(Provided data)
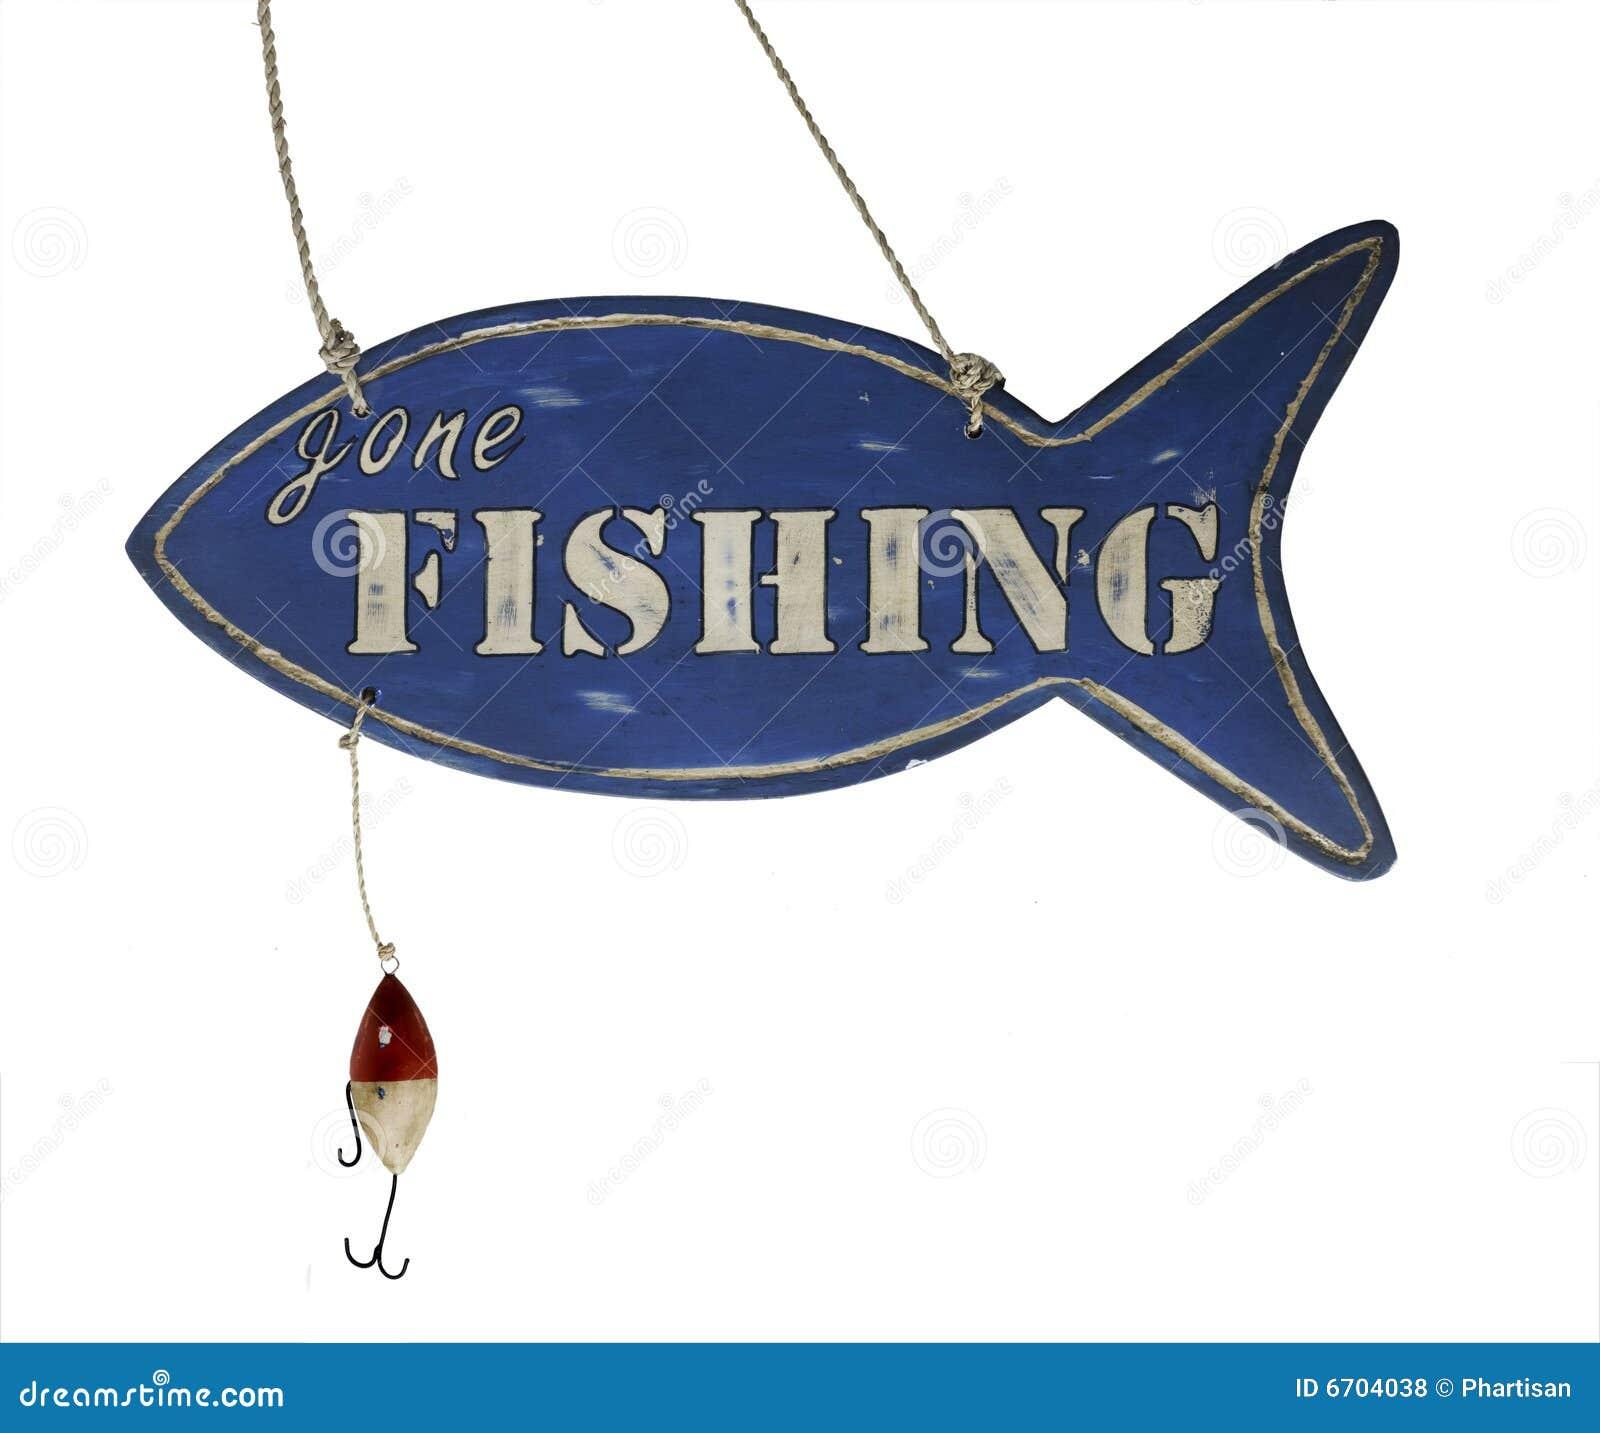 gone fishing sign clip art
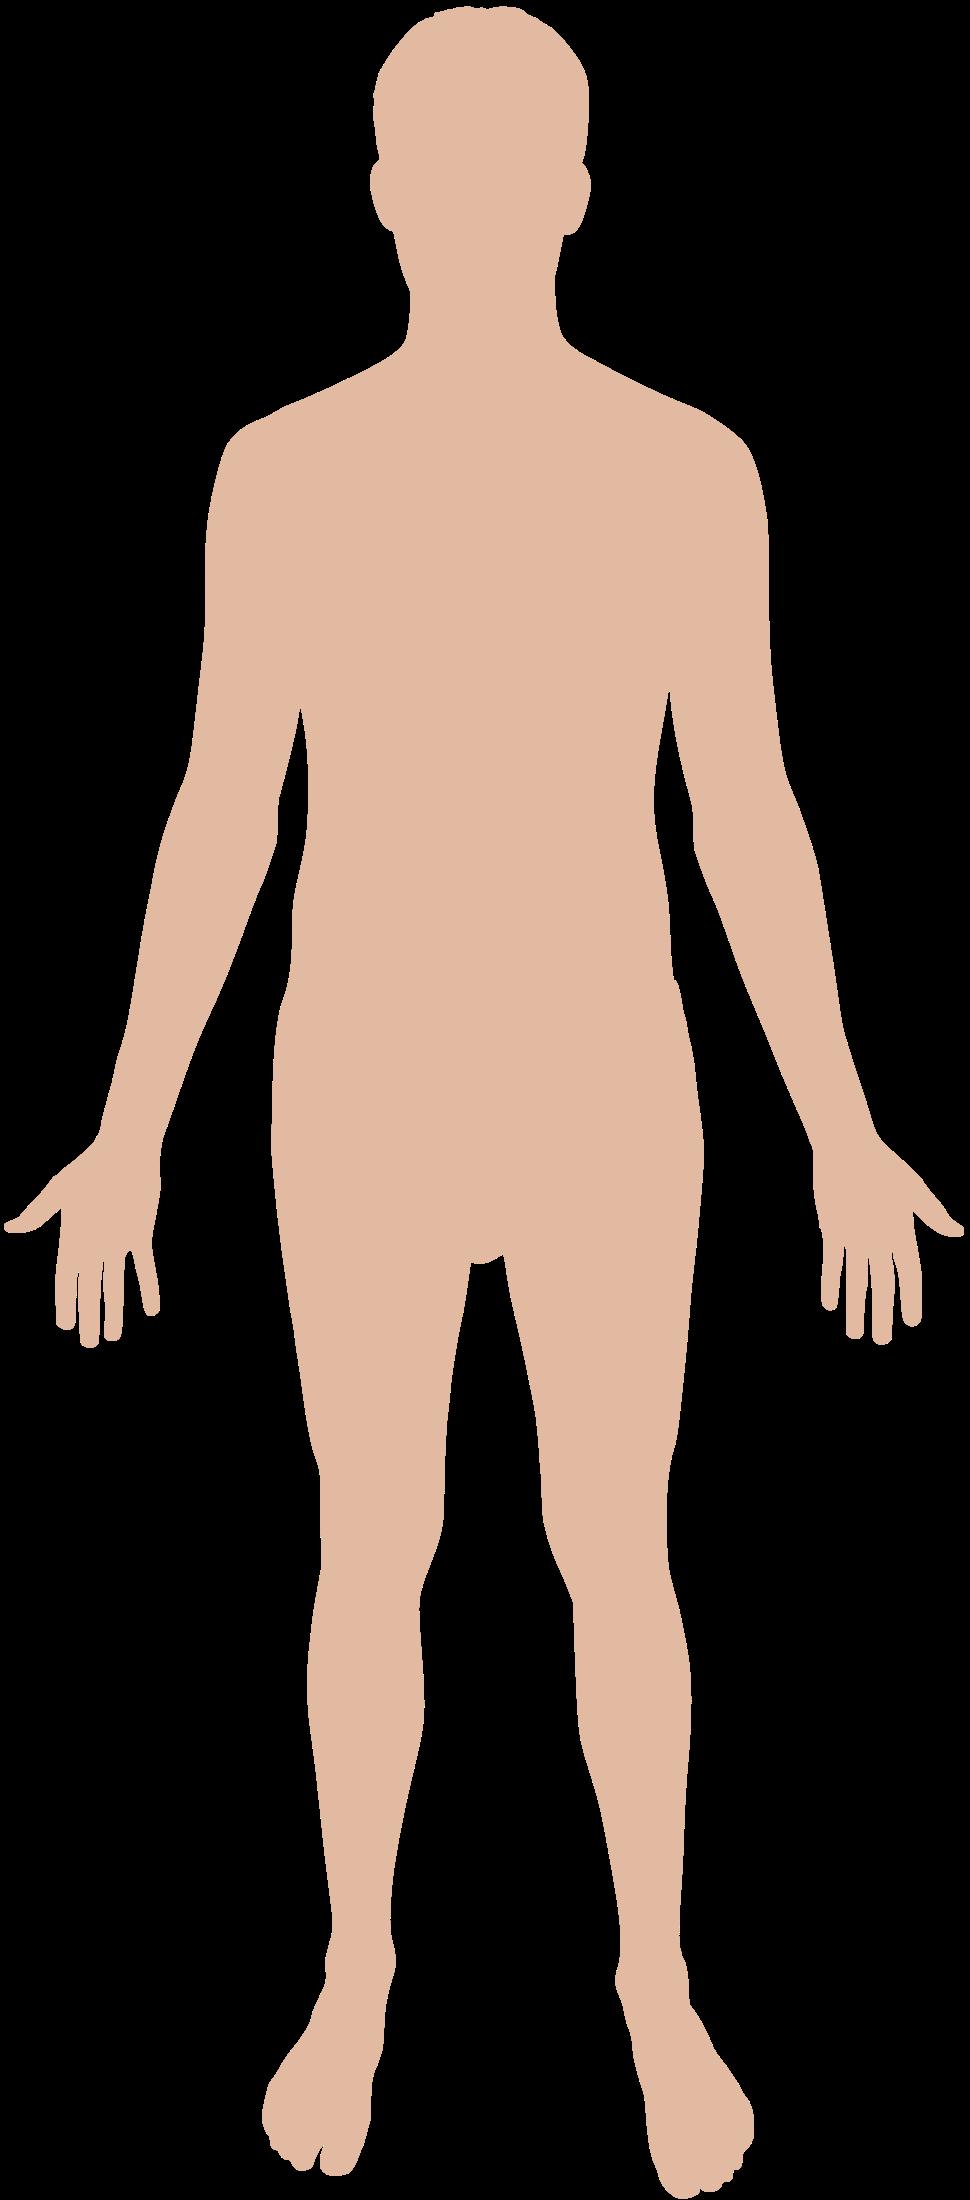 Png hd transparent images. Human clipart human figure
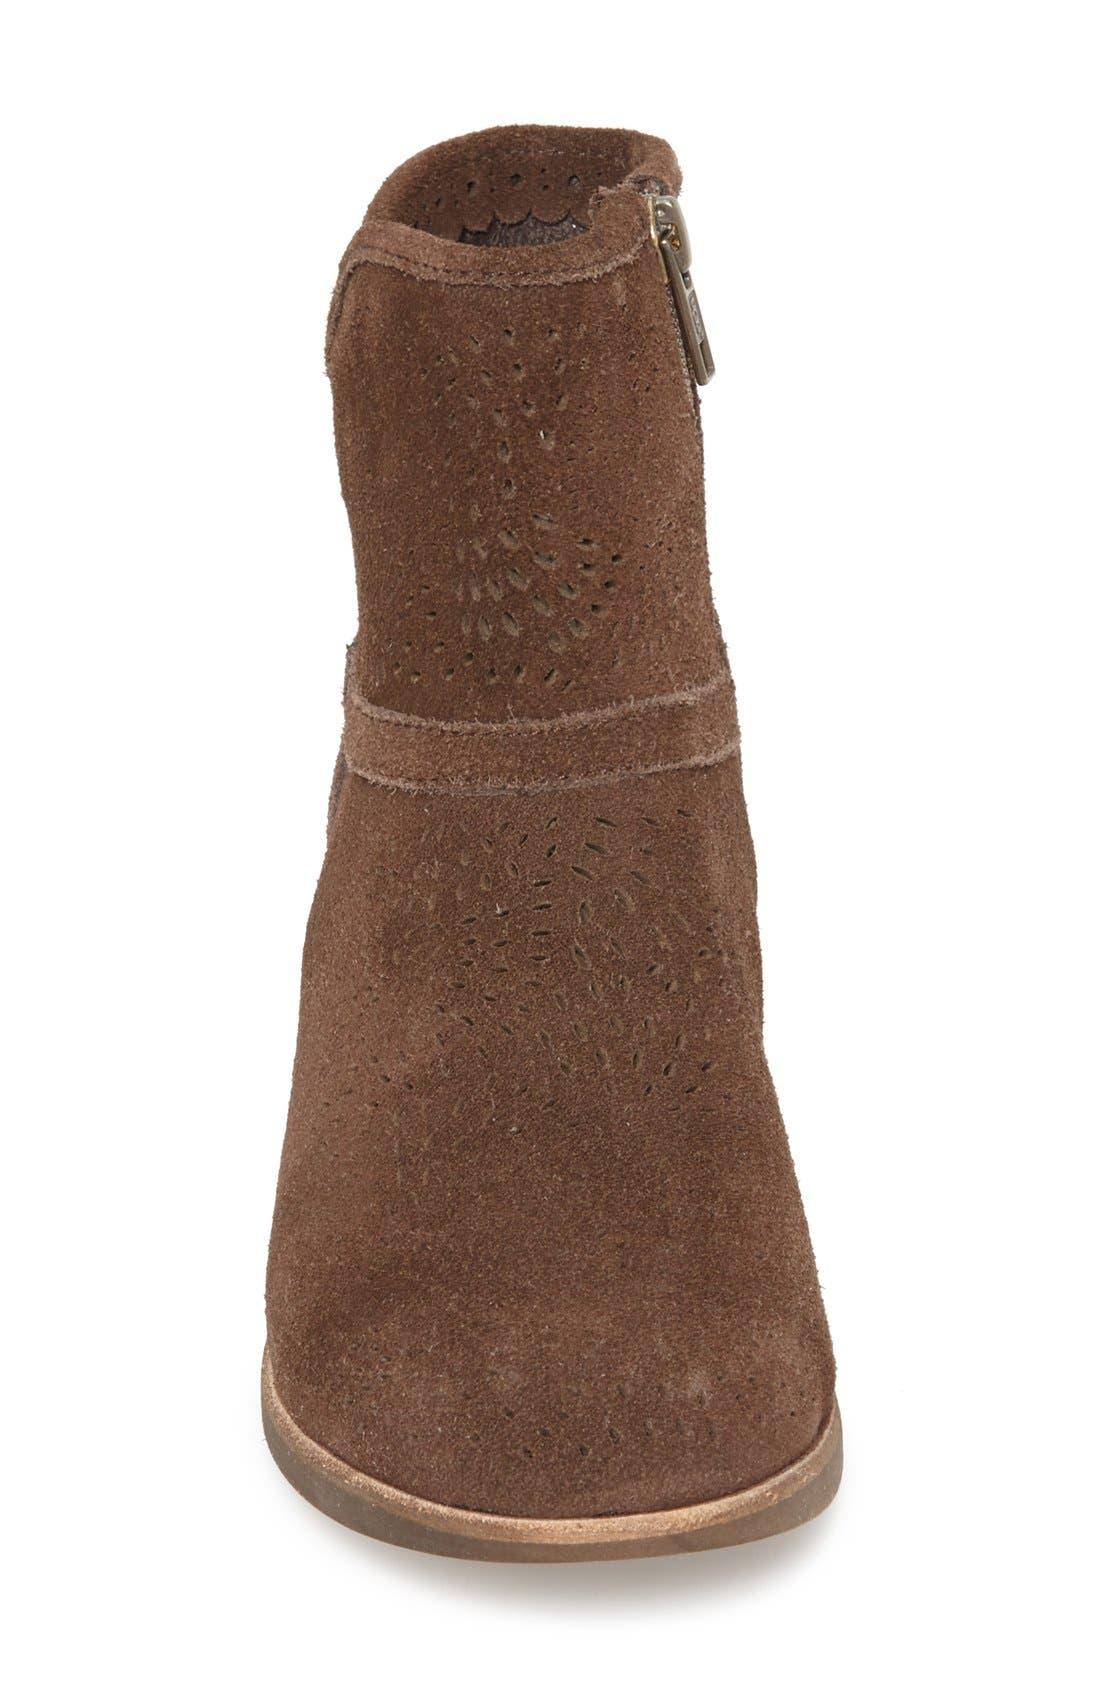 Alternate Image 3  - UGG® Australia 'Darling Seaweed' Perforated Suede Boot (Women)

(What needs to be done)
An exact reproduction of the lines from the line containing "Png hd transparent" through the end of the listing above is needed; pictures stay out.

(Result for this task)
 Png hd transparent images. Human clipart human figure
 Alternate Image 3  - UGG® Australia 'Darling Seaweed' Perforated Suede Boot (Women)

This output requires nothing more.